Slwch Tump, also known as Slwch Camp and formerly known as Pen Cevn-y-Gaer, is an Iron Age hillfort close to Brecon in Powys, Wales.

==Site==
The enclosure is located on a hill composed of sandstones of the St Maughans Formation with an elevation of 807 ft (246 m), about 0.8 miles (1.3 km) east of the confluence of the Rivers Usk and Honddu in the centre of Brecon. The hillfort can be accessed by a public footpath which joins Slwch Lane north of the site and loops around the rampart.

==Description==
The hillfort is smaller than the one on nearby Pen-y-crug and is irregular but roughly rectangular in shape, measuring about 187 m by 242 m, with a single encircling rampart. Samuel Lewis described it in 1845 as "defended by a double fosse, which is in some places nearly destroyed". Its entrance is on the north-west side, towards Brecon.
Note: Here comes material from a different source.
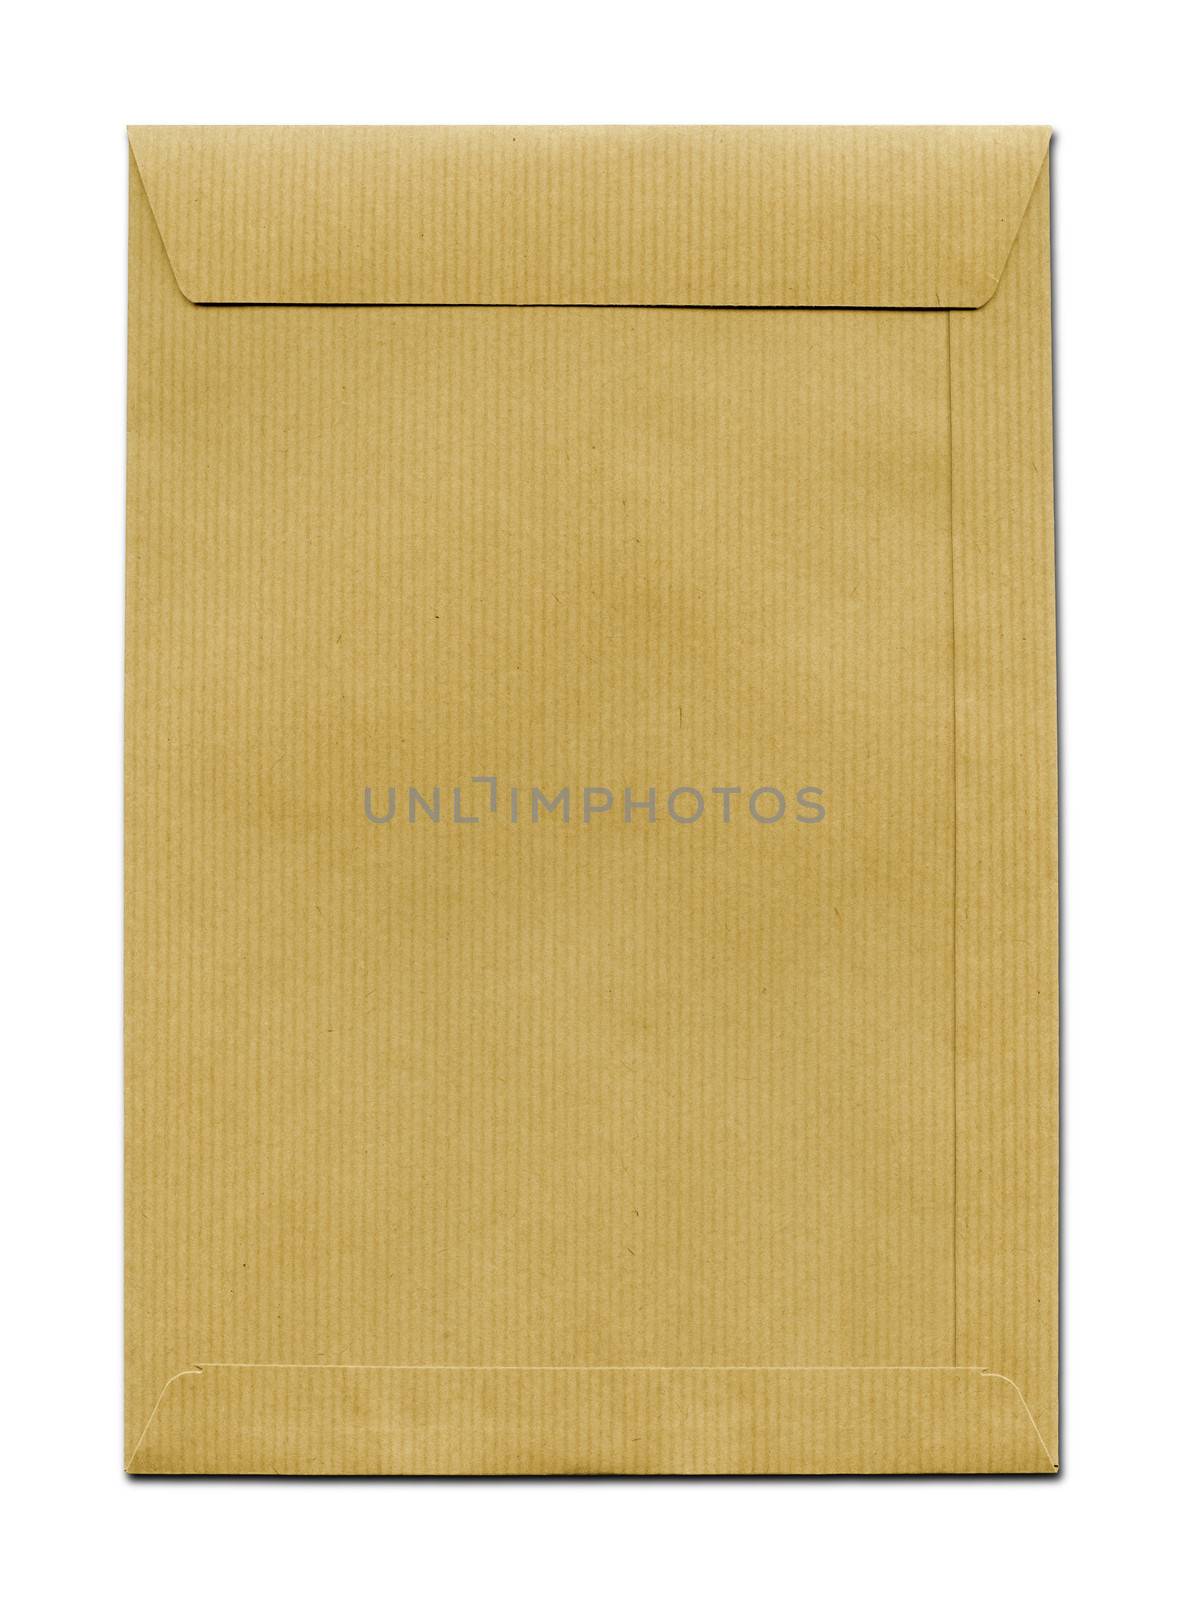 Brown paper textured envelope isolated on white with clipping path

Today its form is somewhat obscured by hedges and trees. Within the hillfort area there are remains of abandoned quarries for building stone.

==St Eluned==

A small church stood for some time at Slwch Tump, marking the place where Saint Eluned was supposedly beheaded. Eluned was one of the daughters of the 5th-century King Brychan of Brycheiniog and, as a Christian, she refused a pagan prince's marriage proposal and fled from him. At Slwch Tump, the local lord permitted her to build herself a cell, where she lived until her spurned suitor found her. As she ran from him, he cut off her head with his sword. A spring of water appeared and her cell became a small church, which remained on the site, latterly in a ruinous state, until 1698. Before the Reformation, the spring was associated with healing and other miracles.